Mais la plus grande difficulté aura été de trouver une nounou pour sa fille et son fils, alors âgés de 4 et 7 ans.
"J’ai fini par lâcher l’affaire. Aujourd'hui, je gère mes enfants à 100%"
"Luxembourg étant une ville d’expatriés, je partais du principe qu'en arrivant il serait facile de trouver une personne semblable aux nounous que nous avions à Londres", c'est-à-dire "honnête, gentille, flexible, curieuse, ce qui me faciliterait mon installation".
Pour trouver la perle rare, "je me suis inscritesur des groupes Facebook, comme 'Luxembourg Parents', 'Nounou babysitter Luxembourg', j’en parlais autour de moi, mon mari a aussi demandé sur l’intranet de sa banque, ça nous a pris pas mal de temps."

Travailler au Luxembourg et faire garder ses enfants, c'est parfois un vrai casse-tête ! / © Shutterstock
Quatre ans après, "je suis face à l’échec et je sais que je ne suis pas la seule maman à avoir galéré.

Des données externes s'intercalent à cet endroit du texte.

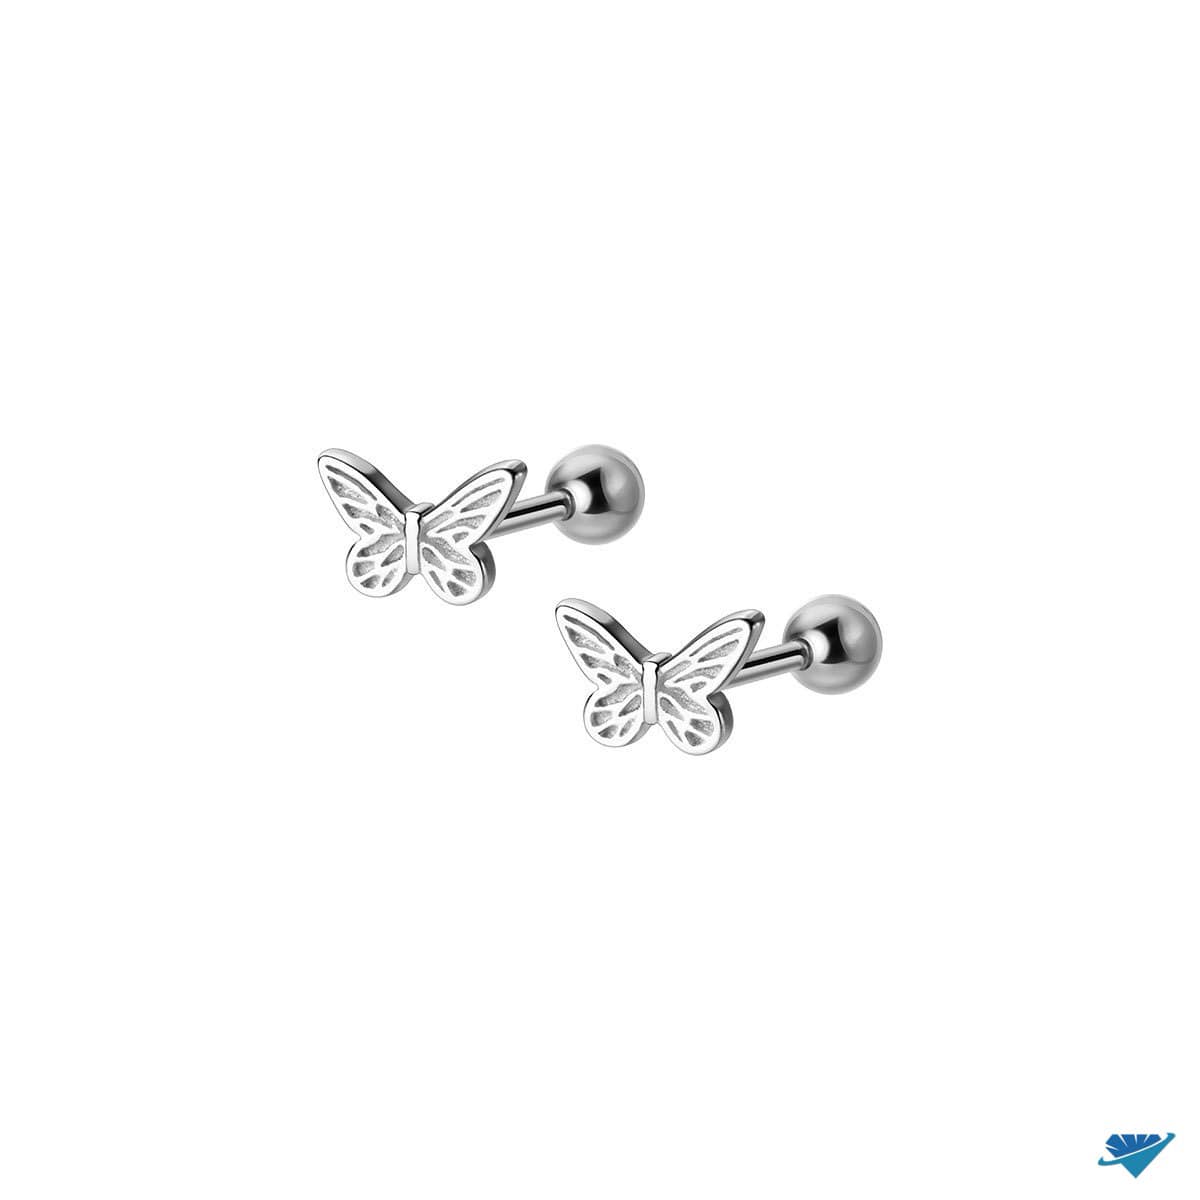 Bông tai bạc hình bướm chất liệu bạc s925 MS045b

Sur une période de trois ans, j'ai reçu une dizaine de candidatures de femmes. Parmi celles-ci, deux étaient dépressives; une que j’ai prise comme au pair pendant 6 mois voulait rentrer dans son pays; une autre a pris un poste dans une entreprise; et une autre ne parlait pas anglais", or Angélique avait à cœur que ses enfants continuent de pratiquer cette langue.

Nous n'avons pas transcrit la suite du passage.